An alternative to the above is provided via the conda recipe (use the miniconda installer if you don’t have conda installed already).

Backwards Compatibility

The stated goal of this module is to be a drop-in replacement for re, i.e.:

try:
    import re2 as re
except ImportError:
    import re

That being said, there are features of the re module that this module may never have; these will be handled through fallback to the original re module:

  • lookahead assertions (?!...)

  • backreferences, e.g., \\1 in search pattern

  • possessive quantifiers *+, ++, ?+, {m,n}+

  • atomic groups (?>...)

  • \W and \S not supported inside character classes

On the other hand, unicode character classes are supported (e.g., \p{Greek}). Syntax reference: https://github.com/google/re2/wiki/Syntax

However, there are times when you may want to be notified of a failover. The function set_fallback_notification determines the behavior in these cases:

try:
    import re2 as re
except ImportError:
    import re
else:
    re.set_fallback_notification(re.FALLBACK_WARNING)

set_fallback_notification takes three values: re.FALLBACK_QUIETLY (default), re.FALLBACK_WARNING (raise a warning), and re.FALLBACK_EXCEPTION (raise an exception).

You might also change the fallback module from re (default) to something else, like regex. You can achieve that with the function set_fallback_module:

>>> import re2
>>> re2.set_fallback_notification(re2.FALLBACK_WARNING)
>>> type(re2.compile(r"foo"))
<class 're2.Pattern'>
>>> type(re2.compile(r"foo(?!bar)"))
<stdin>:1: UserWarning: WARNING: Using re module. Reason: invalid perl operator: (?!
<class 're2.FallbackPattern'>
>>> import regex
>>> re2.set_fallback_module(regex)
>>> type(re2.compile(r"foo(?!bar)"))
<stdin>:1: UserWarning: WARNING: Using regex module. Reason: invalid perl operator: (?!
<class 're2.FallbackPattern'>

Documentation

Consult the docstrings in the source code or interactively through ipython or pydoc re2 etc.

Unicode Support

Python bytes and unicode strings are fully supported, but note that RE2 works with UTF-8 encoded strings under the hood, which means that unicode strings need to be encoded and decoded back and forth.

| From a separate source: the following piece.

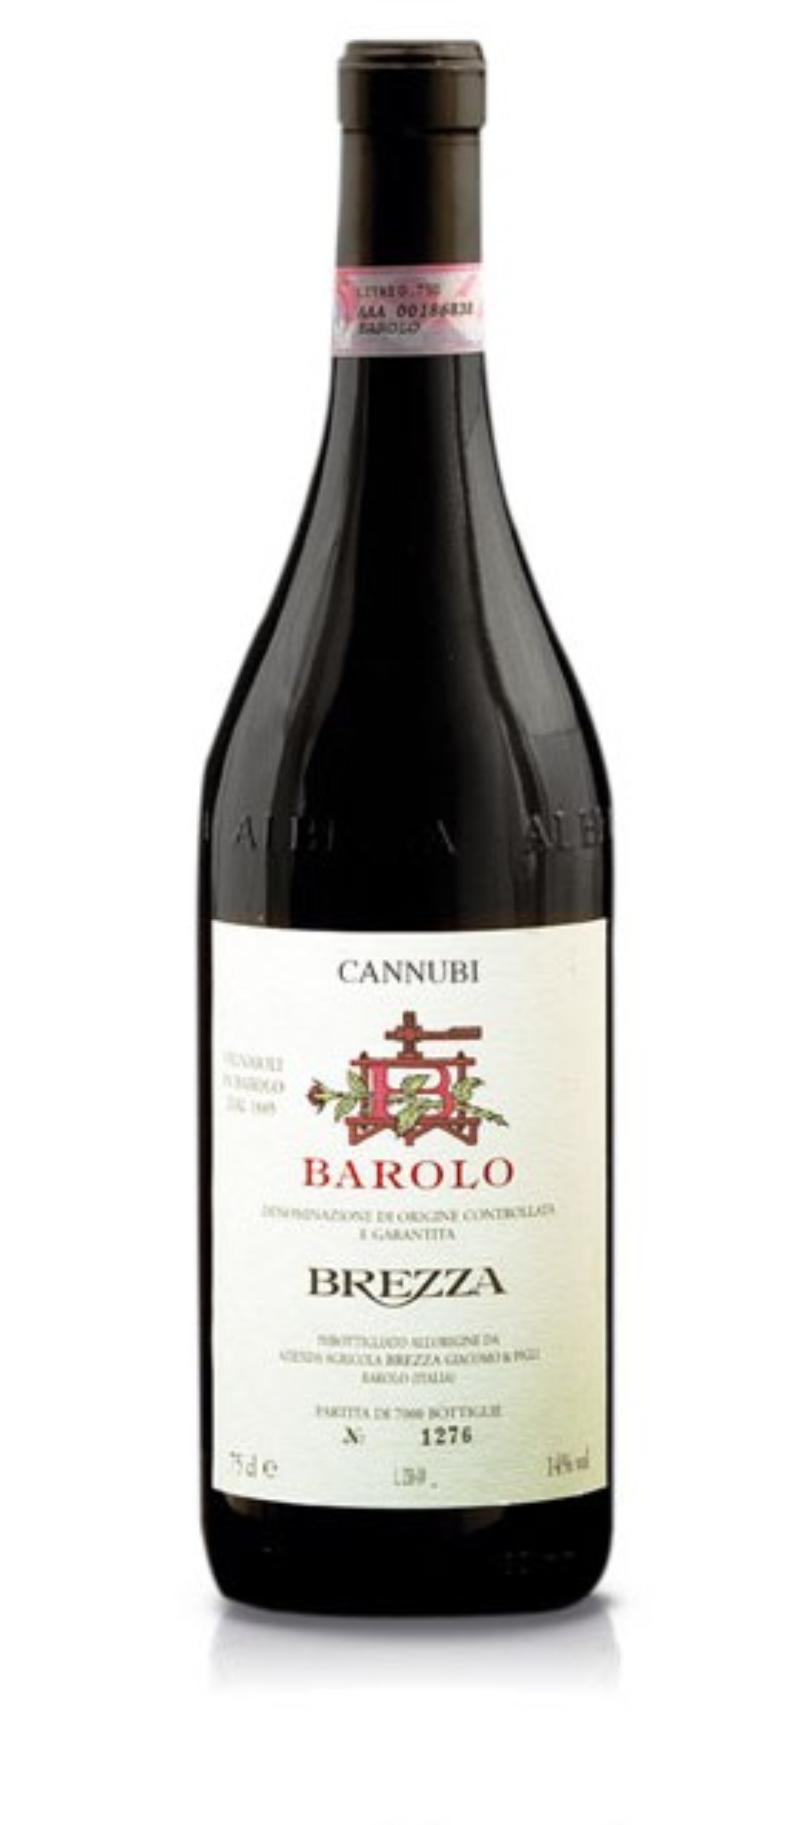 BAROLO-CANNUBI-BREZZA-2007-0.75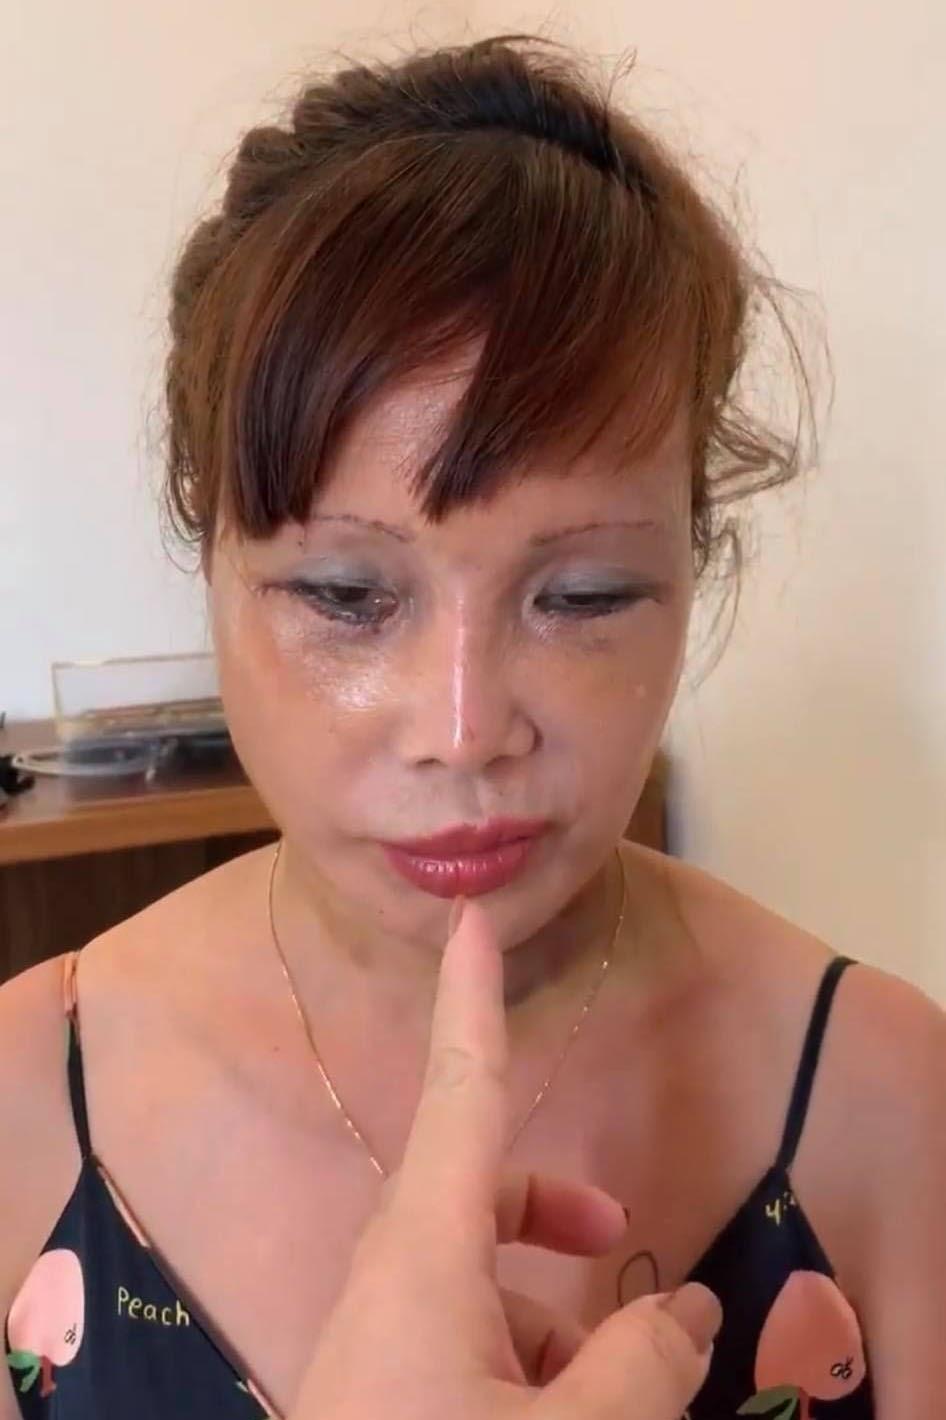 Cận cảnh nhan sắc cô dâu 62 tuổi sau 4 ngày thẩm mỹ: Bị méo miệng vẫn muốn nâng cấp vòng một - Hình 5

There are two important factors:

  • whether a unicode pattern and search string is used (will be encoded to UTF-8 internally)

  • the UNICODE flag: whether operators such as \w recognize Unicode characters.

To avoid the overhead of encoding and decoding to UTF-8, it is possible to pass UTF-8 encoded bytes strings directly but still treat them as unicode:

In [18]: re2.findall(u'\w'.encode('utf8'), u'Mötley Crüe'.encode('utf8'), flags=re2.UNICODE)
Out[18]: ['M', '\xc3\xb6', 't', 'l', 'e', 'y', 'C', 'r', '\xc3\xbc', 'e']
In [19]: re2.findall(u'\w'.encode('utf8'), u'Mötley Crüe'.encode('utf8'))
Out[19]: ['M', 't', 'l', 'e', 'y', 'C', 'r', 'e']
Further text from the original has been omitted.